Your understanding of the np.random.choice
function is wrong. 您对np.random.choice
函数的理解是错误的。 Specifically the replace=
option. 特别是replace=
选项。 The documentation suggests that replace=False
means that once an item has been chosen, it can't be chosen again. 该文档建议replace=False
表示一旦选择了一项,就不能再次选择它。 This can be shown by running 这可以通过运行来显示
for _ in range(100):
assert set(np.random.choice(np.arange(5), 5, replace=False)) == set(range(5))
and seeing no error is ever raised. 并没有发现任何错误。 The order changes, but all 5 values must be returned. 顺序更改,但是必须返回所有5个值。
Your current method is giving strange results because of this property. 由于该属性,您当前的方法给出了奇怪的结果。 Even though 1 and 2 have a 0.3 chance of appearing as the first item, they have a less than 0.3 chance of appearing as the second or third item because if they were the first item, they can't be a later item. 即使1和2出现在第一项中的机率是0.3,但它们出现在第二或第三项中的机率却小于0.3,因为如果它们是第一项,那么它们就不能成为后一项。
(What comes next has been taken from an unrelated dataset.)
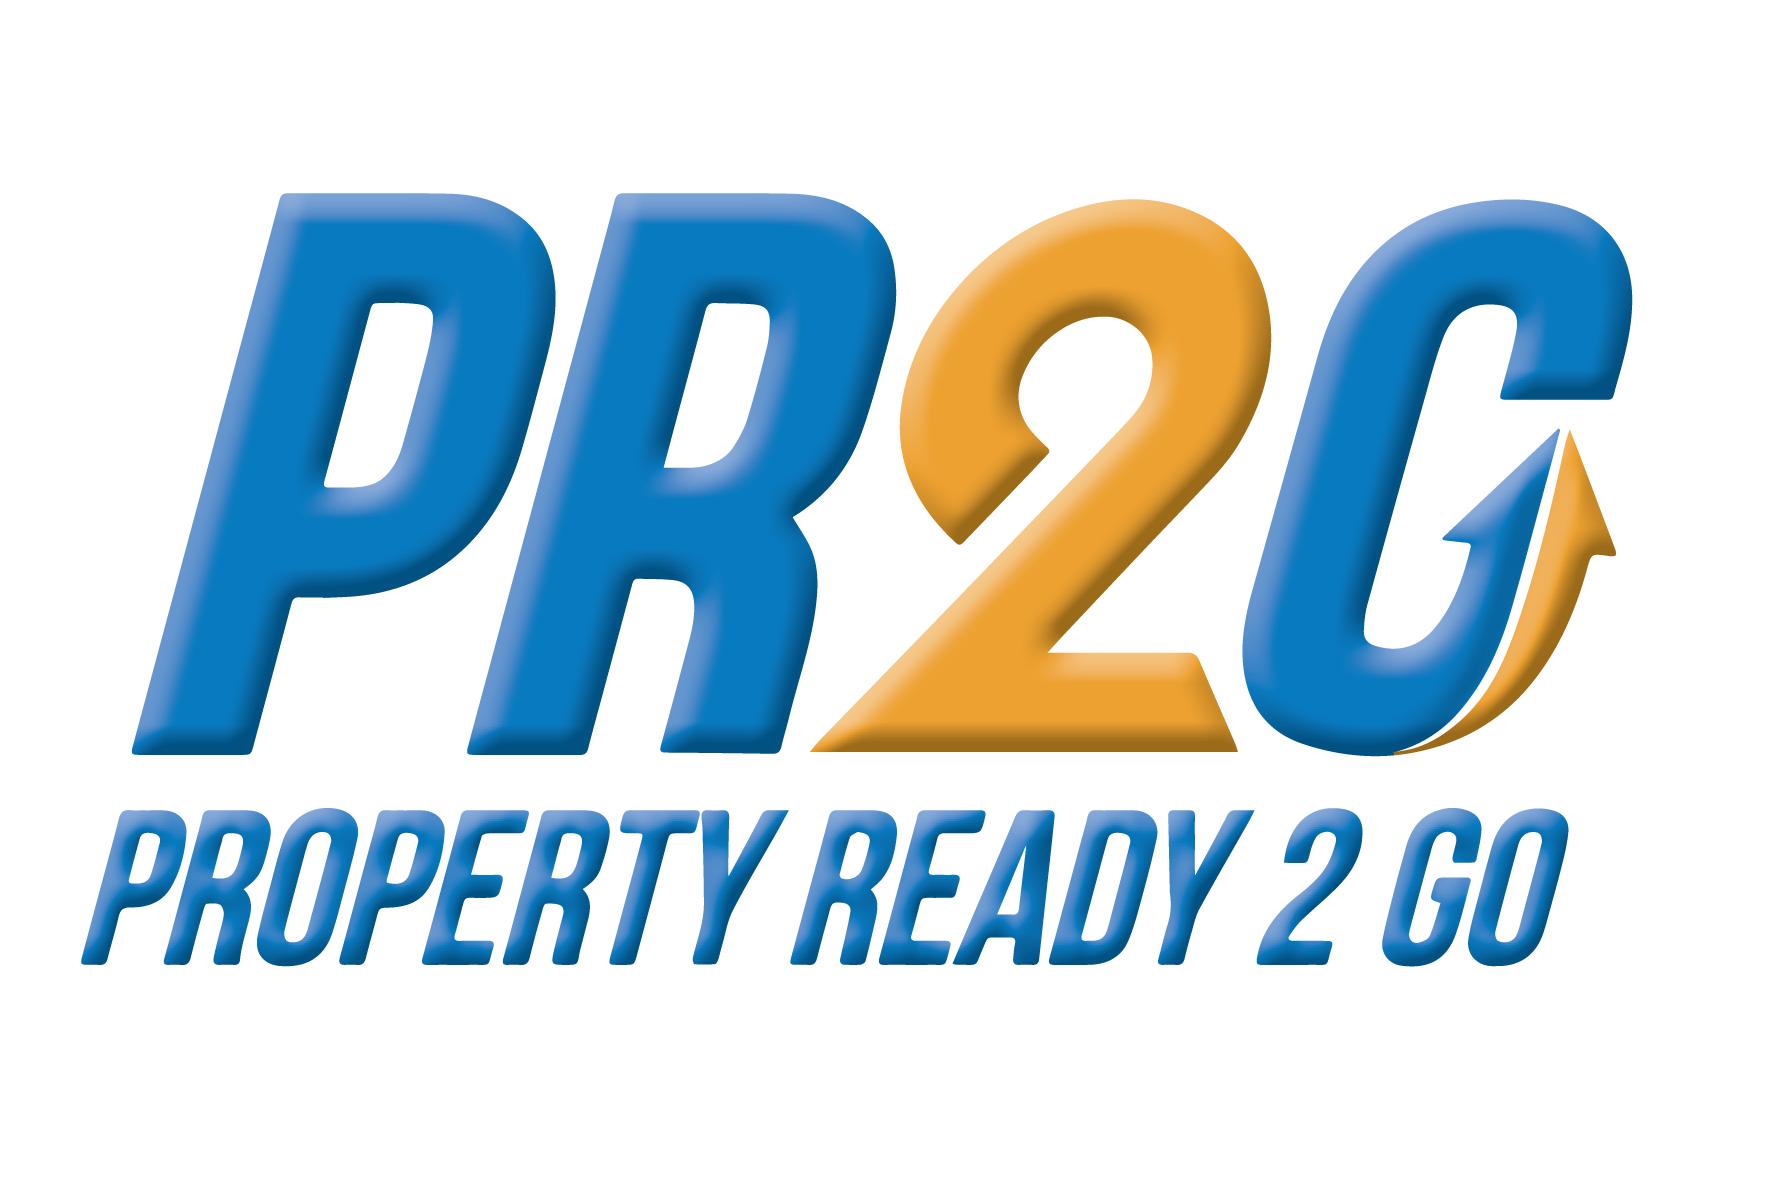 Property Ready 2 Go  logo
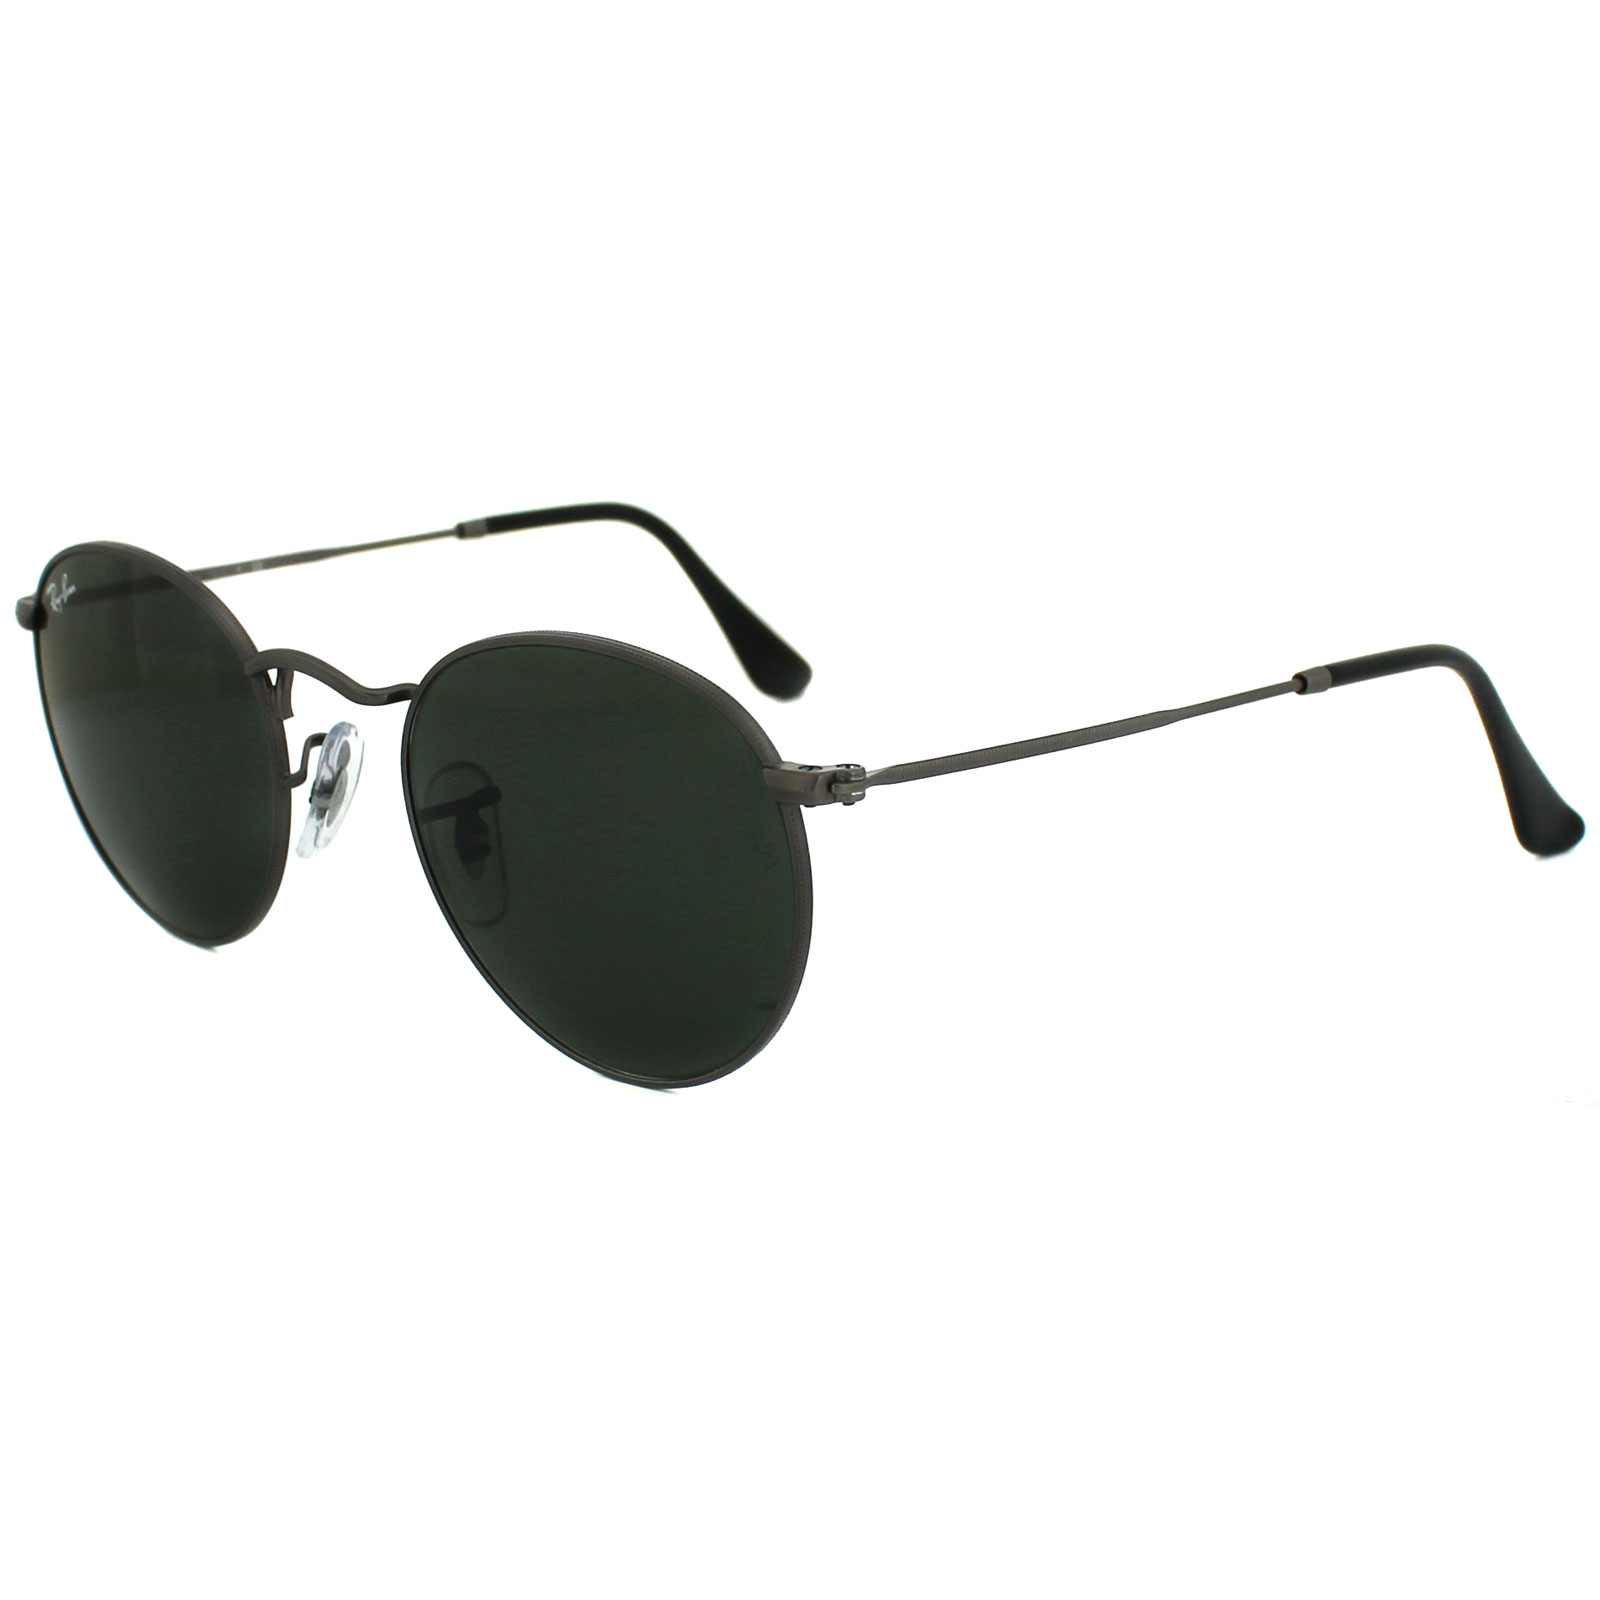 Sentinel Ray-Ban Sunglasses Round Metal 3447 029 Matt Gunmetal Green Small  47mm e3816a7513

The solution is obviously to use replace=True
(or ignore, True
is the default) like so: 解决方案显然是使用replace=True
(或忽略,默认为True
),如下所示:
import numpy as np
a = [0, 1, 2, 3, 4, 5]
p = [0.1, 0.3, 0.3, 0.1, 0.1, 0.1]
n = 100_000
choices = np.random.choice(a, n, p=p)
values, counts = np.unique(choices, return_counts=True)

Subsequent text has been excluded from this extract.